Summary: This is a claim that gets made periodically, and it usually fails to land because the people making it underestimate how much of programming's value is in the precise, structured text that humans and machines can both read and manipulate. The argument here is that AI-generated code creates problems around comprehensibility, maintainability, and verification that visual representations would solve by making the structure of a program more immediately apparent.
The strongest version of this argument is about legibility. When an AI agent generates several hundred lines of code to solve a problem, the engineer reviewing it has to mentally execute that code to understand what it does. A visual representation could make the data flow and control flow immediately apparent in a way that textual code, especially AI-generated textual code that lacks the human-readable structure of carefully written programs, does not. The author's Pipe programming language is an attempt to build this general-purpose visual language, which means we're in territory where the idea is being tried rather than purely theorized.
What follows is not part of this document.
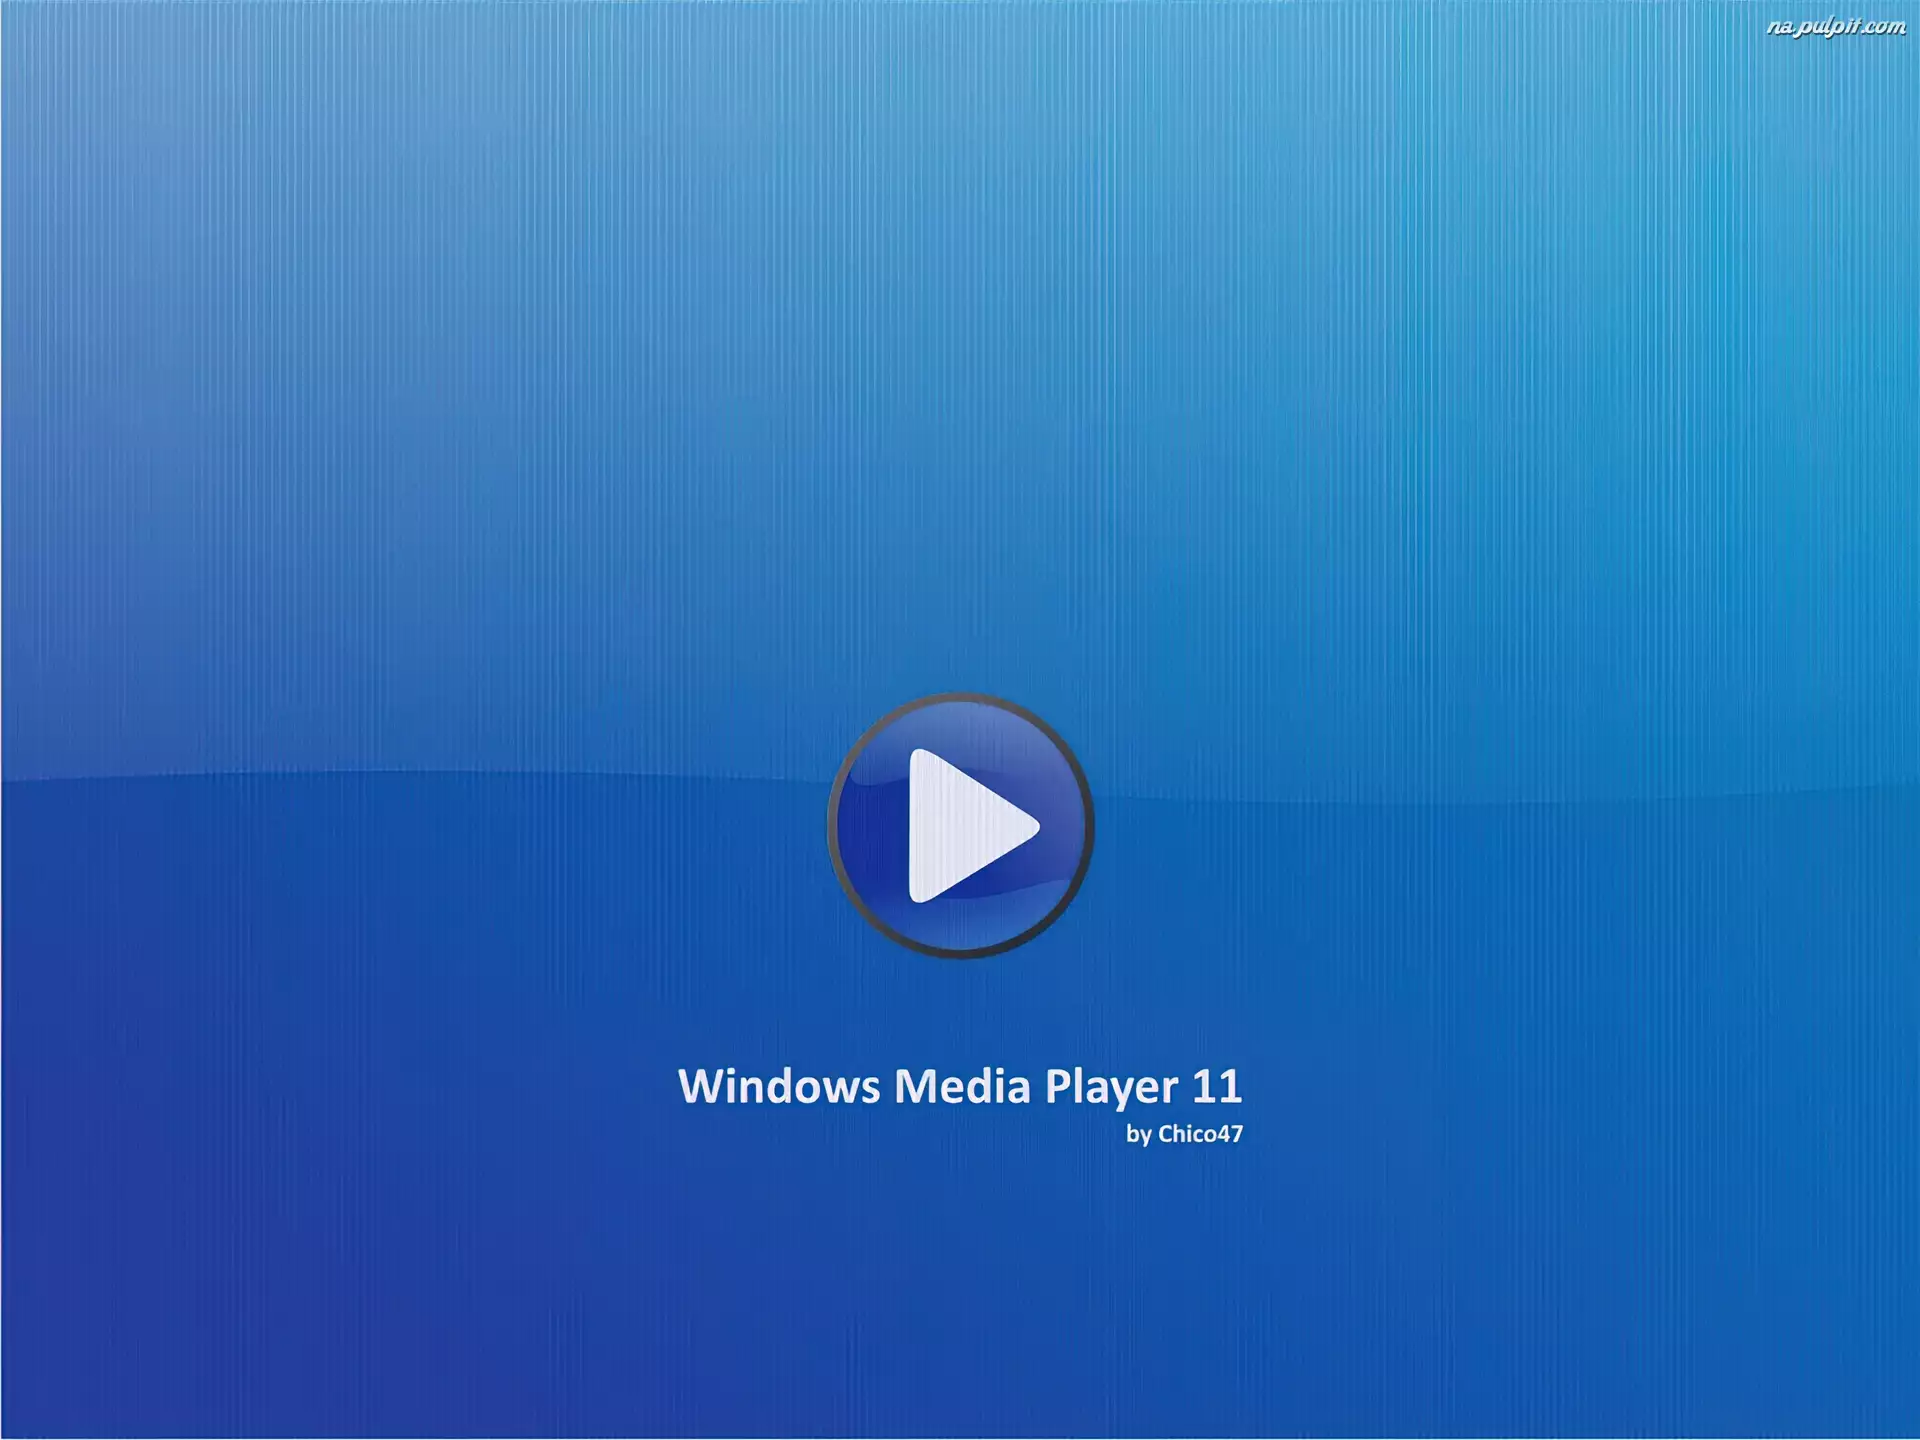 Media Player 11, Windows

The weak version of this argument, which is what usually gets presented, is that visual programming is just more intuitive. That claim has been made and refuted many times. The actual advantages of visual programming are narrow: certain domains, like data pipelines, state machines, and audio/visual processing graphs, genuinely benefit from visual representations. General-purpose software development has resisted visual approaches for forty years, and the structural reasons for that resistance, expressiveness, abstraction, and tooling, haven't changed because AI now generates more of the code.
Key takeaways:
- AI-generated code has reduced the value of text-based code as a human communication medium, which is the strongest actual argument for visual alternatives.
- Visual programming has genuine advantages in specific domains like data pipelines and state machines, but has not succeeded as a general-purpose paradigm despite decades of attempts.
- The tooling ecosystem around text-based code represents enormous accumulated investment that visual programming would need to replicate or replace.
Why do I care: I'm skeptical but paying attention. The argument I haven't heard answered well is: if AI is writing most of the code, and humans are primarily reviewing and directing rather than writing, maybe the optimal human-facing representation isn't the same as the optimal machine-generation representation. That's a genuinely interesting question. But the specific answer "make it visual" has a weak track record.